Even though I was on hold, I felt committed to the 30 day trial. For the last three days, I’ve been staying in my box, tucking my tush (which is a bit too bootylicious), and engaging my core. My core and I, by the way, have set a date, even though I know it’s been sneaking out with potato chips and caramel corn behind my back.
Unfaithful abs notwithstanding, I’ve committed myself to 30 days of walking, pilateing, and oatmeal (steel cut). Consult your doctor before beginning any exercise program. Phhht! I’m more concerned with finding a pair of shorts big enough so I can bend over and breathe at the same time.
It seems like pilates come in sets of ten. Ten minutes, ten reps, ten days to lose a dress size. I think they should add “count to ten before taking an axe to your pilates chair.” Swinging an axe works the biceps, triceps, and abs (if you engage your core).
In my Lamaze class (somewhere in the last millennium) they were careful to refer to labor as “discomfort” rather than “pain.” I can assure you that my arthritic knees, my abs, and my left big toe (figure that one out) are about to give birth. I’m expecting some alien to pop out as I’m panting and blowing.

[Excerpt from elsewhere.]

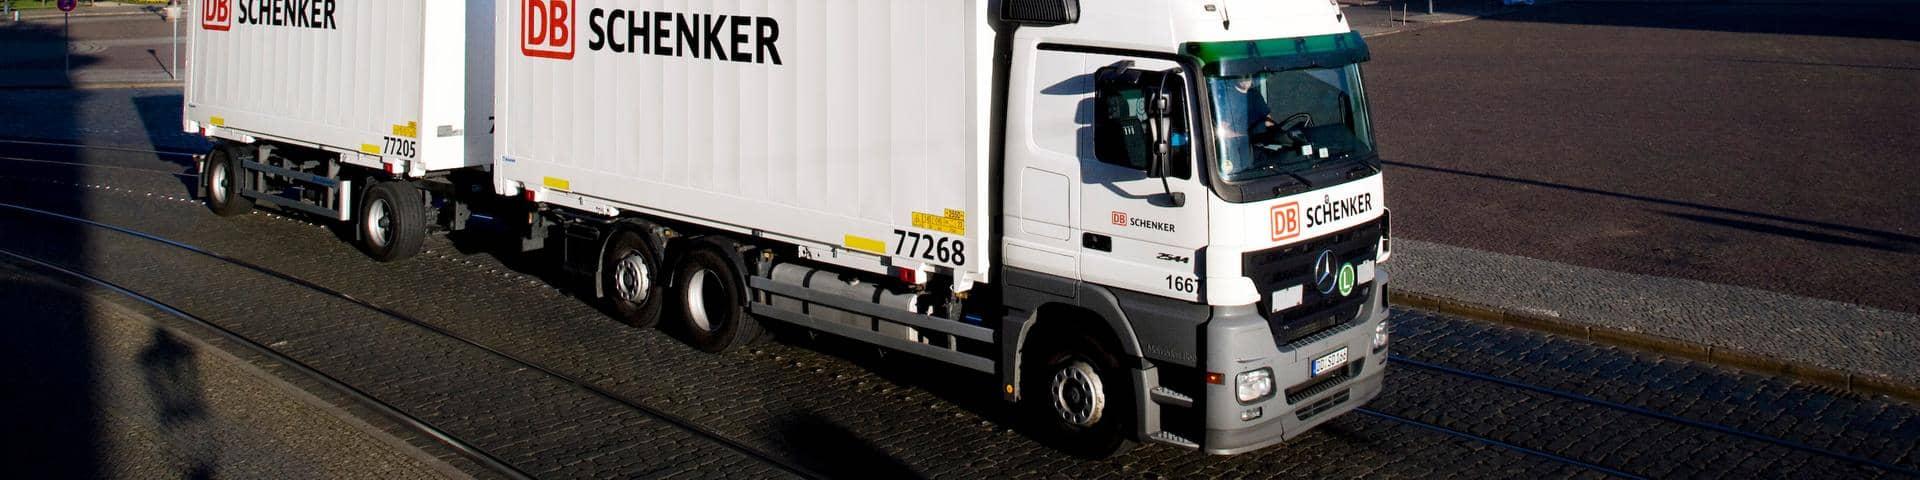 Schenker Truck

My stubborn nature and desire to get my money’s worth of shipping and handling is what spurs me on to day four. When I told my husband what it would cost to keep the chair, he spouted some invectives that could peel paint off the walls. I expect that when I graduate to the full 45 minute workouts, my enthusiasm and pain tolerance will drop dramatically. I’m counting on gaining enough strength from the exercises so that by day 29 I’ll be able to hoist the sucker onto the counter at the post office without putting myself into traction.
Karla,
I agree with you– some exercises do feel like labor! This is a hilarious post! What were those words your husband used? Very intense to peel the paint off! Be careful hoisting it onto the counter at the post office; maybe you can convince the postman to lift it, and then he’ll be in traction instead of you! Take care!
If I repeated what Dave said, I’d be banned from my own blog.

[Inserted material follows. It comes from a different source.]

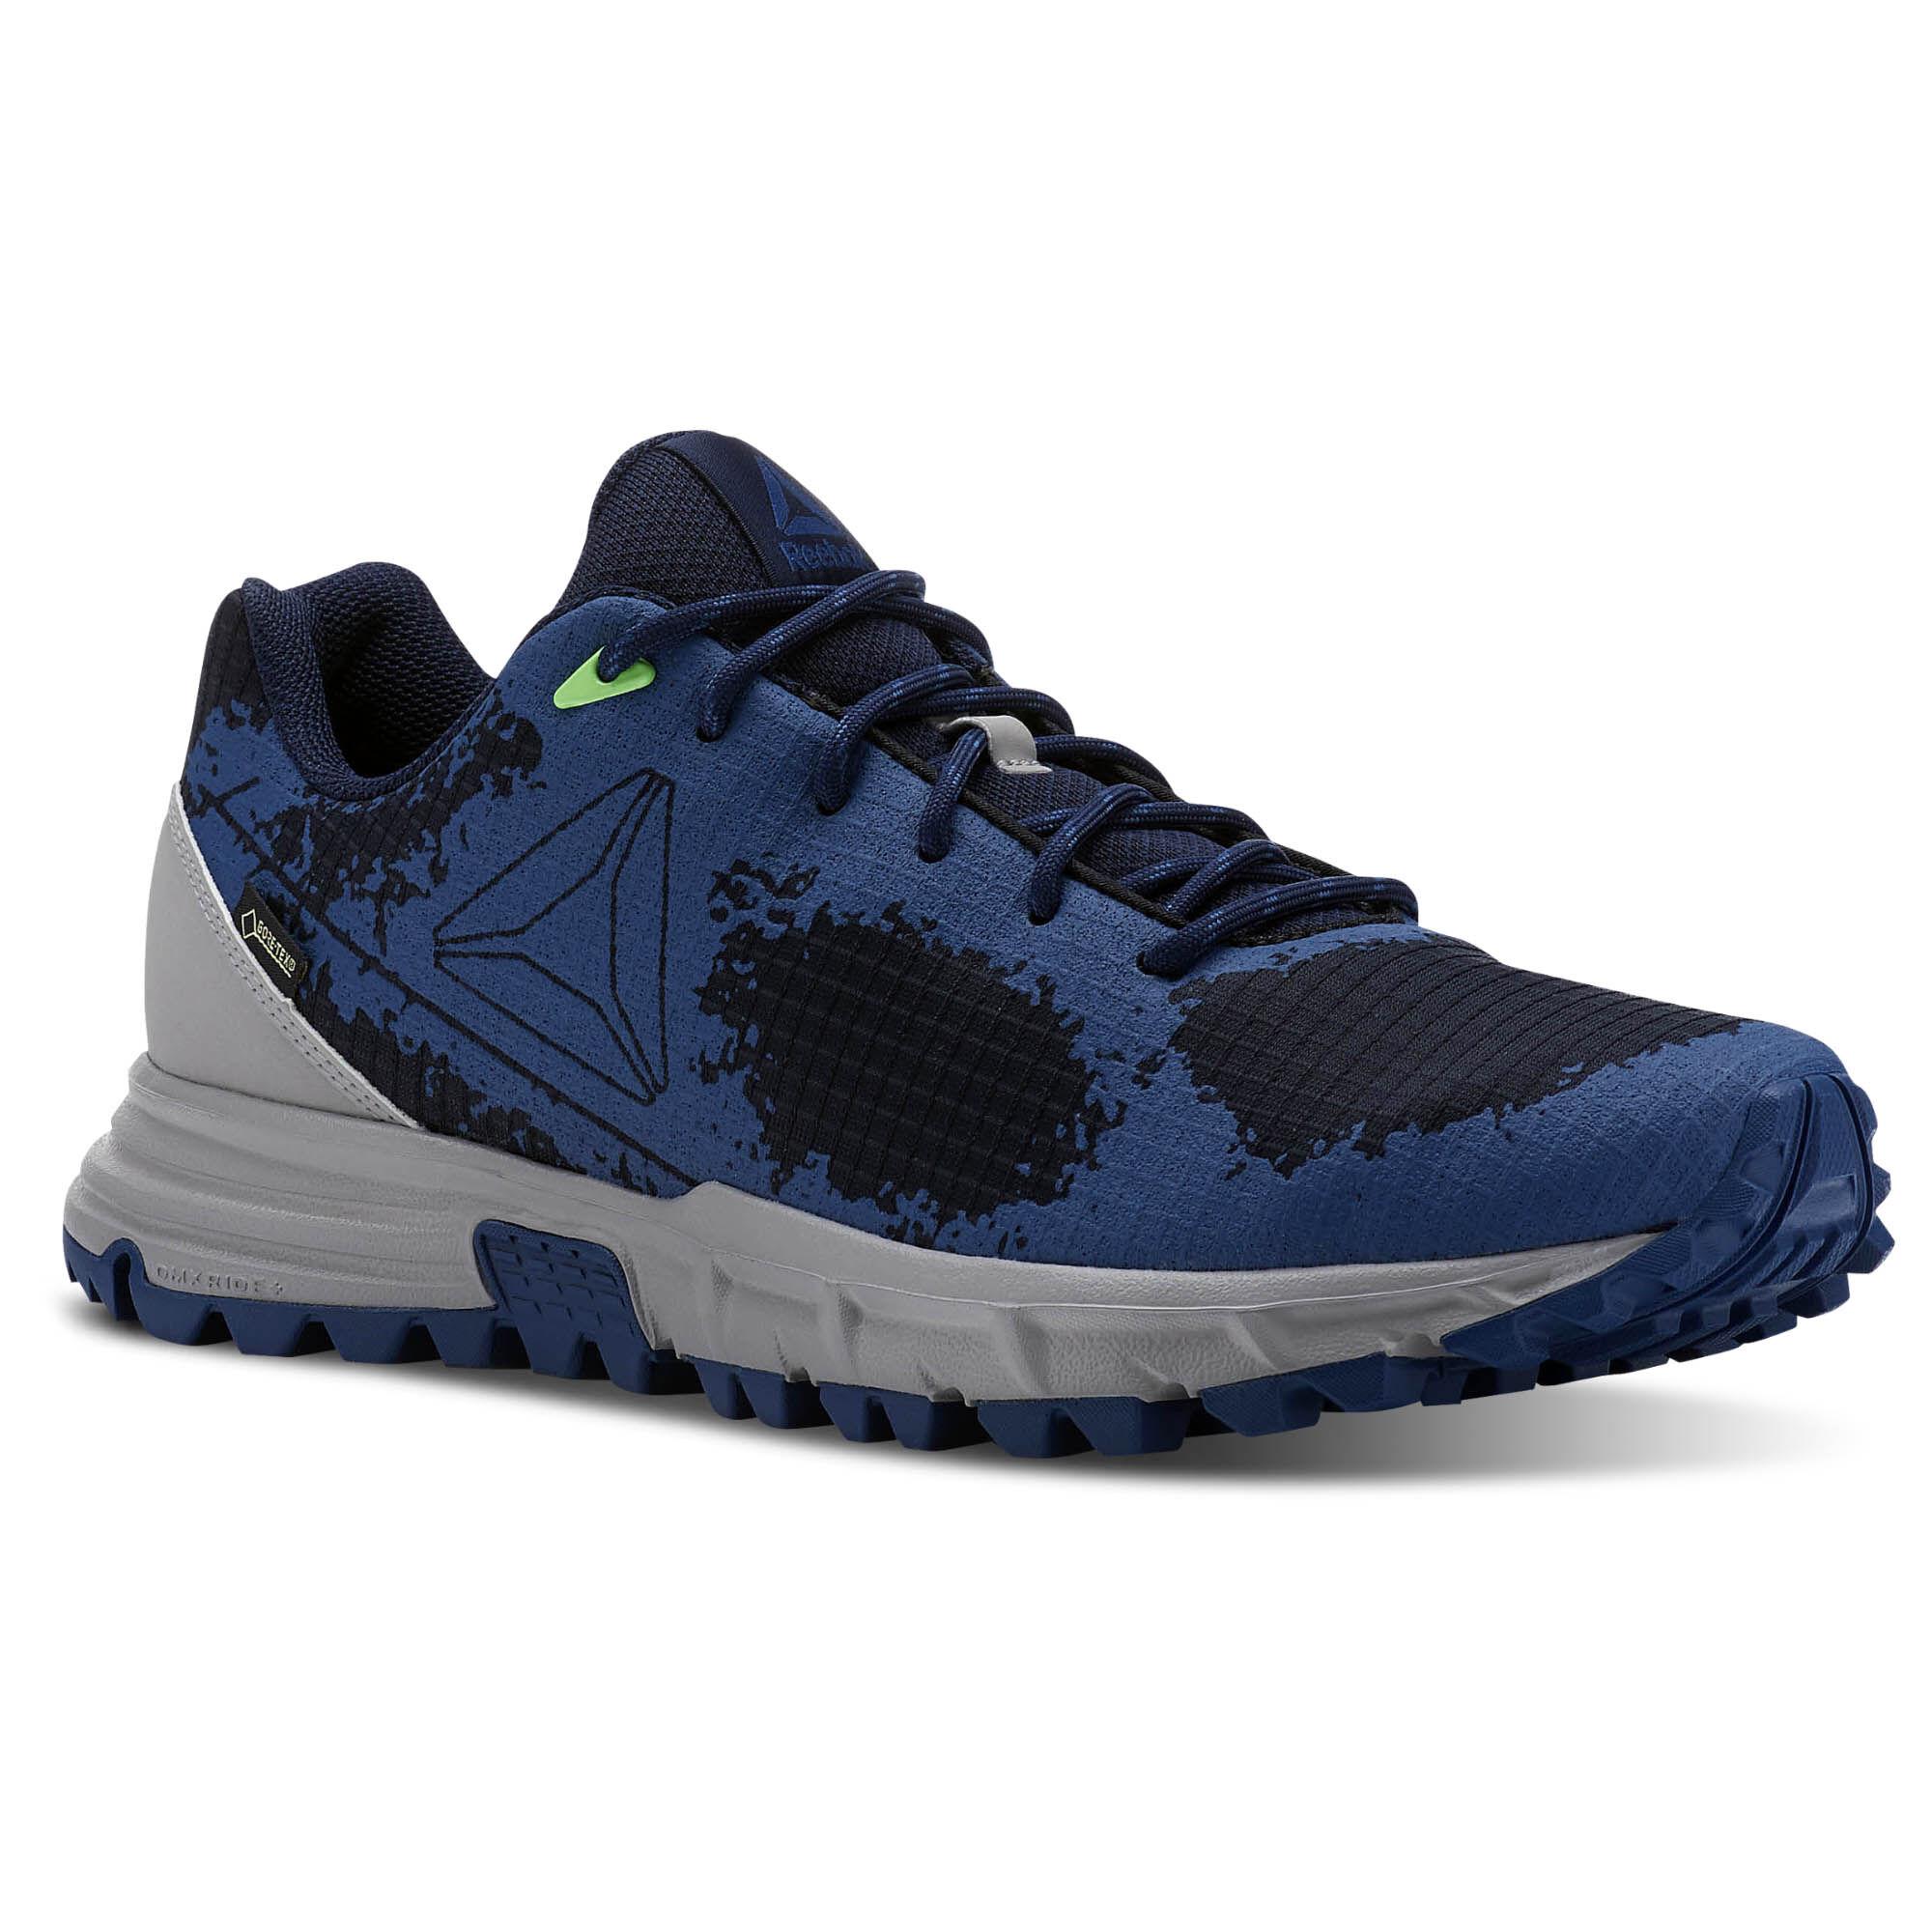 Reebok SAWCUT GTX 6.0 - Trail running shoes - blue

Better you than me. Sucker! What’s the return period on the television offer? Forty-five days and they’ll be back in Shanghai laughing their heads off!
As they say, “Hope you lucky!”
I could wallpaper a beach house in bubble wrap from all the packing material. It’s going to take a lot of imagination to get it back in the box.
Hmmm, labour as discomfort rather then pain, hmmm? I take it that none of the people who actually said that had given birth themselves?
I was expecting the instructor to walk into the labor room and say, “Ha-ha. Gotcha!”
Whoever called it “discomfort” had to be a man!
Karla, kudos to you! You are One Tough Cookie!
Speaking of cookies?
I think I have some tasty little lemon sandwich yummies left in the cabinet. IF Joan didn’t get to them.
I gotta go…..
Don’t mind me. I’ll just be over here munching on some delicious raw cauliflower.
Ewwwwwwww
Cauliflower is meant to be cooked, and covered with a rich cream sauce. Or cheese sauce! Not eaten raw!
I agree!
About 1 cup of buttermilk ranch dressing will make raw cauliflower florets go down smoothly. Otherwise, it’s like chewing on styrofoam.